Apeomyoides


Apeomyoides savagei is a fossil rodent from the Miocene of the United States, the only species in the genus Apeomyoides. It is known from fragmentary jaws and isolated teeth from a site in the early Barstovian, around 15–16 million years ago, of Nevada. Together with other species from scattered localities in the United States, Japan, and Europe, Apeomyoides is classified in the subfamily Apeomyinae of the extinct rodent family Eomyidae. Apeomyines are a rare but widespread group that may have been adapted to a relatively dry habitat.

As is characteristic of apeomyines, Apeomyoides was a large eomyid with high-crowned cheekteeth and a large gap between the incisors and cheekteeth. Furthermore, the cheekteeth—premolars and molars—approach a bilophodont pattern, with two distinct lobes. Other features distinguish Apeomyoides from other apeomyines, including the rectangular shape of the cheekteeth. The fourth lower premolar (p4) is larger than the molars behind it and has two roots, while the lower molars have three.

Apeomyoides is a member of the Eomyidae, a diverse rodent family that is now extinct. Eomyids first appeared in the Middle Eocene (~47 million years ago, mya) in North America, where they existed until the end of the Miocene (~5 mya). In Europe, they survived a little longer, until the end of the Pliocene (~2–3 mya).[1] Apeomyoides is further part of a distinctive subgroup of eomyids known as the Apeomyinae. The first apeomyine to be discovered was Apeomys tuerkheimae, named in 1968 based on fossils from the Early Miocene of Germany, and later discoveries have expanded the range of Apeomys and similar taxa. In 1998, Oldřich Fejfar and colleagues reviewed Apeomys and identified a second, related genus Megapeomys, from the Early Miocene of Germany, the Czech Republic, and Japan. These scientists also named a new eomyid subfamily, Apeomyinae, to house Apeomys and Megapeomys.[2] The Japanese Megapeomys was named as a separate species, Megapeomys repenningi, in 2011.[3] Further apeomyines have been identified in North America: Megapeomys bobwilsoni from the Hemingfordian of Nevada, Apeomyoides savagei from the Barstovian of Nevada,[4] Zophoapeomys indicum from the Late Oligocene of South Dakota,[5] and a possible second species of Zophoapeomys from the Late Oligocene of Nebraska.[6] Another North American eomyid, Arikareeomys skinneri, from the Arikareean of Nebraska, has also been reidentified as an apeomyine.[7]

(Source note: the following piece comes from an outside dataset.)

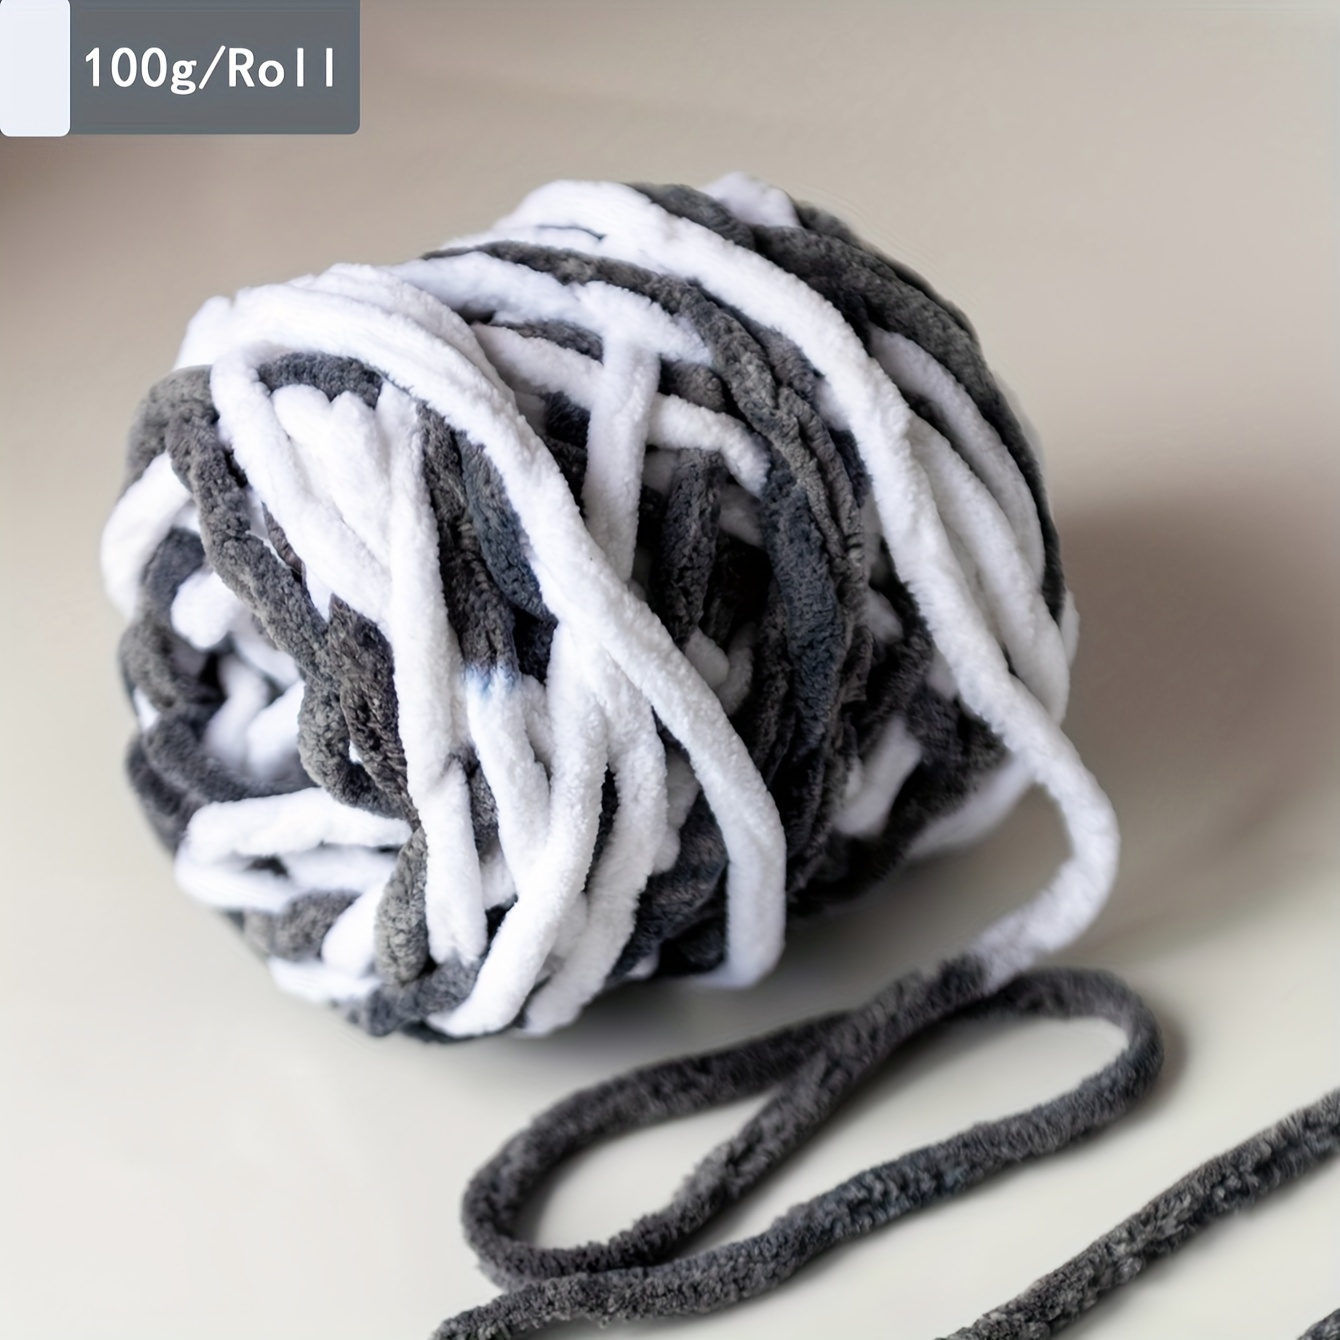 

Soft Chunky Hand Knitting Yarn, 100g Per Roll, Polyester Variegated Yarn, Black White Grey Mixed Colors, Comfortable Variegated Yarn For Crochet And Knitting Crafts

In general, apeomyines are a widespread but generally rare group of dentally distinctive eomyids with a tendency towards large size.[8][9] Fejfar and colleagues suggested that apeomyines were ecologically distinct from other eomyids and probably preferred a drier habitat.[10] Although other scientists recognized Apeomyinae as a subfamily, in a 2008 summary of North American eomyids, Lawrence Flynn placed the group as a tribe, Apeomyini, within the subfamily Eomyinae.[9] Flynn described Apeomyoides as the most derived apeomyine.[11]

Apeomyoides savagei was described as a new genus and species by Kent Smith, Richard Cifelli, and Nicholas Czaplewski in 2006. The generic name, Apeomyoides, adds the Greek suffix -ides, indicating similarity, to the name of the related genus Apeomys,[12] while the specific name, savagei, honors Donald E. Savage for his work on fossil mammals and for assistance to Smith.[13] In the same paper, these scientists argued in favor of apeomyine affinities for Arikareeomys.[12]


Cheekteeth of Apeomyoides savagei seen in occlusal view (looking at the chewing surface), with electron micrographs in stereopairs and explanatory drawings. A, right P4 through M3 of the holotype. B, left DP4. C, left M1 or M2.